Blog 64. Agreement concerning land insufficient to give rise to caveatable interest.

A. P. Welco Holdings Pty Ltd & Anor v Canterbury Hills Pty Ltd & Anor [2022] VSC 490, Button J., (24 August 2022) concerns an unsuccessful attempt to eke a caveatable interest out of a Memorandum of Agreement (MOA) concerning land.  It also confronts the problem of the PEXA drop down menu having limited options for description of the caveatable interest.

The facts were –

  • The defendants were registered proprietors of five parcels of land.  It was not proposed that the first plaintiff purchase the land.  The plaintiffs alleged the existence of a contract in substance to develop the land (the Agreement) between the first plaintiff and the defendants, being, insofar as in writing, constituted by a ‘Memorandum of Agreement’ (MOA).  The plaintiffs alleged that the terms included: access to the defendants’ project consultants, internal staff, and documents to enable a feasibility assessment by the first plaintiff of a project; access to the land; the defendants not advertising or negotiating with any other party to market the land; the defendants permitting the first plaintiff or its nominee to, without purchasing it, subdivide the land and then develop and sell the lots; payment to the defendants of $40 m.; the first plaintiff having carriage of the development, providing development and marketing expertise and funding for development; the parties preparing and entering a “Final Agreement” (known as the  “Staged Asset Sale Agreement”) after which the first plaintiff would pay land outgoings and for insurance; and an obligation to act in good faith.
  • The plaintiffs alleged that, pursuant to the Agreement, the first plaintiff and the defendants worked towards concluding the Staged Asset Sale Agreement, drafts being exchanged, but that on 21 December 2021 the defendants wrongfully repudiated the Agreement, which repudiation was not accepted.
  • The relief sought by the plaintiffs included an order for, or in the nature of, specific performance of the Agreement requiring the defendants to provide a signed form of the Final Agreement contemplated by the Agreement, substantially the same as the form of a particular document sent to the defendants with any agreed additions or variations.
  • The defendants, in substance, denied the existence of large components of the Agreement.
  • The first plaintiff caveated over the land on the ground of an agreement with the registered proprietor(s) dated 20 May 2021.  The defendants applied under the Transfer of Land Act s. 90(3) for removal of the caveat.

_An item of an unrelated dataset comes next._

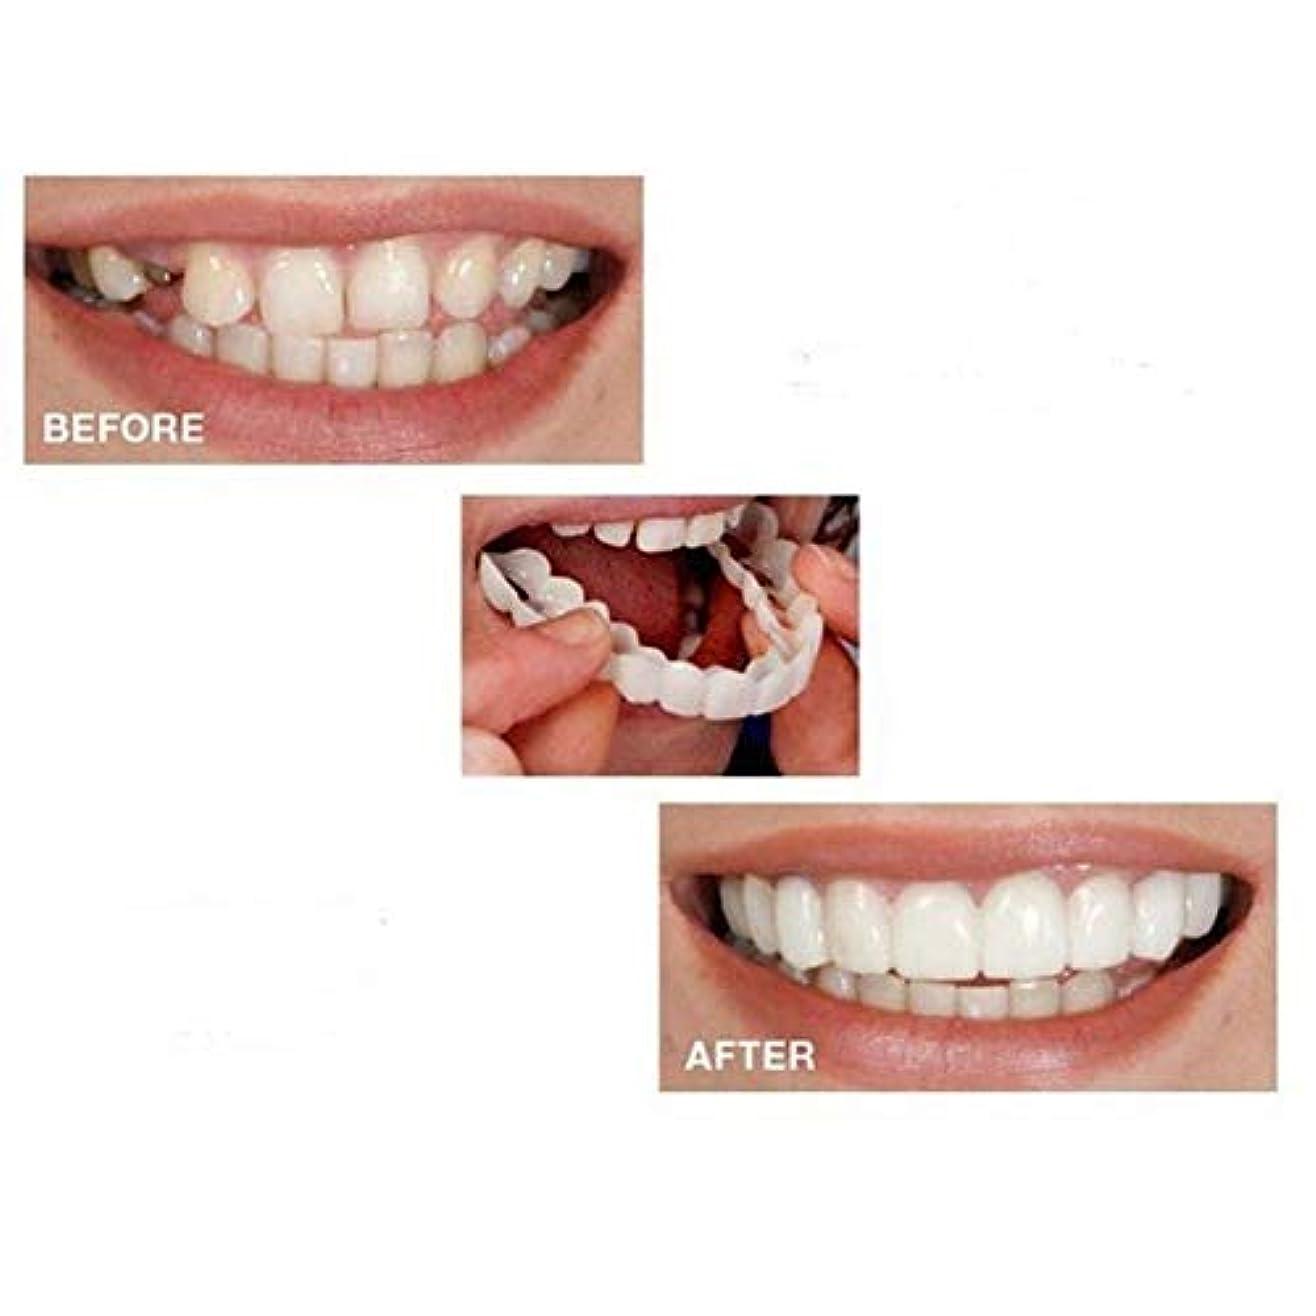 証拠くさび姿を消す歯のベニアの6ペアは即座パーフェクトサスペンダー美白カバリング不規則な、ステンドグラス、行方不明ひび割れた歯にクリップされたスマイル

The estate or interest claimed in the caveat was described as ‘Interest as Covenantee of a Restrictive Covenant’.  The plaintiffs accepted that this description was inapt but, referring to a Land Use Victoria document stating the options in the drop-down form on PEXA, submitted that the PEXA lodgment portal lacked any option corresponding to the particular equitable interest allegedly held by the first plaintiff.

The plaintiffs argued that although the MOA did not itself confer any proprietary interest the first plaintiff had an equitable interest in the land because: it was a binding agreement for the development and subsequent sale of the land (and not merely an agreement to negotiate accompanied by limited rights); and, because the MOA was a contract whose subject matter was land, which contained obligations with a substantial connection with the land, and which provided for its ultimate sale after subdivision with sharing of proceeds, the potential availability of an order for specific performance of the MOA gave the first plaintiff an equitable interest.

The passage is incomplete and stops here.